Crunch. Thud. Crunch. The only sound I can hear outside of the pressure building in my ears, with my heart sounding like a crescendo running through the dense brush and fog. A combination of cold sweat and residue from the thick fog covers my face. I can barely see how rapidly my hands move in front of me in sync with my strides. If it weren’t for the sporadic reflected beams of a flashlight, I wouldn’t be able to tell whether it was night or day. Besides the fact I wouldn’t be able to see anything, I never once turned to look back. “Champions never look back.” my high school track coach’s words are on repeat, he always started his pre-meet speeches the same way. Champions never look back, the confidence of a champion is knowing they are in a class of their own.
I am shaken out of my high school flashback at the sound of something new. Could that be a power tool? Some type of engine? My stomach drops at the thought of a drill or chainsaw pressing against my skin. Then the refracted light rays resembling headlights answer my question almost instantly. That hardly seems fair, I may have been the state sprinting champion my senior year but I never could outrun an engine. Also, that was 10 years ago and my daily exercise could hardly be classified as a light jog. My skin begins to prickle, and the hairs on the back of my neck stand up, it almost feels as if someone or something is right behind me, their warm breath beating down the back of my neck in an even tempo. It’s as if they aren’t trying, that I am easy prey for them. Meanwhile, my throat is on fire and my lungs feel like they are about to give out any second now. My brain won't let them, it knows we are in danger and will do anything to protect us.
My body senses eyes following us as if we’re in a fishbowl, surrounding us from all sides. A second pair of headlights appears in my peripheral, roaring engines getting louder but still having some distance between us. I realize I can’t feel my legs, if it weren’t for the continual feeling of the fog smacking me in the face I wouldn’t believe I was still running. What’s the point? I feel my confidence waning, my brain wanting to give up and accept my fate to whatever’s lurking behind me. Once again, I can feel the breath against my neck, almost as if it knew the war waging inside my head, trying to convince me to stop running. This time the warmth permeated a unique scent, warm vanilla with an after-stench of rotten eggs. I could feel my intestines twist inside me, this time carrying a wave of nausea with it.

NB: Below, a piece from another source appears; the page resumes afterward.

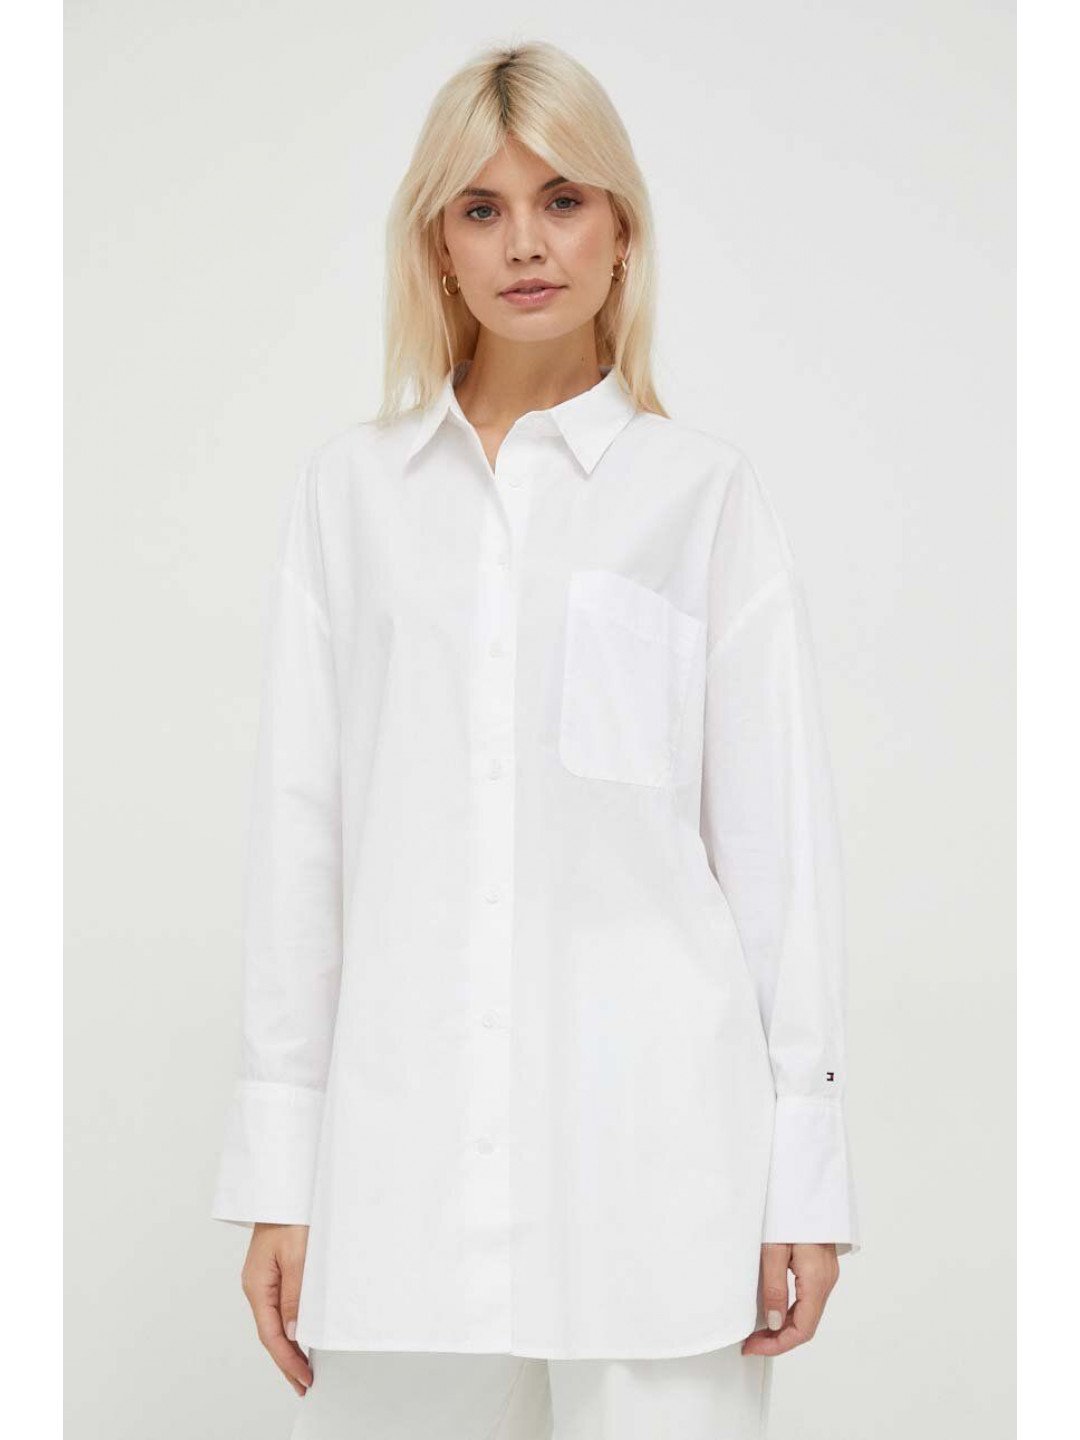 Košile Tommy Hilfiger bílá barva relaxed s klasickým límcem WW0WW40540

I suddenly flinch at what feels like fingernails grazing up my forearms to my biceps and dragging across my shoulders. I can feel the pressure of the action increase, not enough to break the skin but enough to elicit discomfort. The feeling doesn’t travel above the neck, which brings me a little relief. The sensation stops as I step in what feels like mud, the squishy, cold sensation finding its way between my toes. The sudden shock of cold brings my attention to the fact I am barefoot. The sloshing of mud beneath my feet replaces the crunching of the dead leaves.
‘Aren’t my eyes supposed to have adjusted by now?’ I attempt to bring my right hand as close to my face as possible, but nothing. I see nothing, and I begin to question if I even moved my hand. The brain is a fascinating structure but can easily be deceived. When you are surrounded by nothing, you begin to question everything. I attempt to move my hand again, this time using more force. The resistance I feel trying to break my running stride is more exhausting than the running. The running I have been doing for… Wait! How long have I been running for? I haven’t made any turns, not that I can see if I did or didn’t anyway, hearing the splash from each step I take, noting the timing between each sound to get an idea of how fast I am moving. The flashing of lights returned followed by the sound from the engines. Trying to use the light to my advantage forcefully using my eyes to get some idea of what is going on, it seems the harder I try, the more headlights appear across the horizon. Finally, my eyes spring open laying motionless in my bed. I am back in my room, my heart eases for a short moment at the familiarity but quickens at the feeling of the fingernails brushing up my body. I still can’t move, and something is coming for me. Hearing the engines again, the cars outdoors, noticing some splashes hitting the floor of my bedroom, from last night's storm. It took everything I had trying to open my eyes, and now I need to move something else, anything else. Shouting at myself, “Move something, anything. Come on, just move!” “Move!” “Move!” “Move!”. I feel a twitch in my fingers and toes, focusing on that, I try to curl my toes and make fists with my hands. Suddenly, the feeling of fingernails brushing up against me subsides and my heart rate begins to regulate. At that moment, the idea of anyone chasing me dissipates and I can slowly make a fist. Going slow, I bend and straighten my arms and legs. Convinced I am not paralyzed, I roll over onto my back and slowly rise to a seated position.
I take a deep breath, raising my arms above my head to get a big stretch before I move to get out of bed. Taking my comforter off, I swing my legs over the side of my bed to step down. It seems I have stepped in something, looking down to check I do not see anything that could cause the wet squishy sensation I was feeling. But what I do notice is that my toes are covered in mud.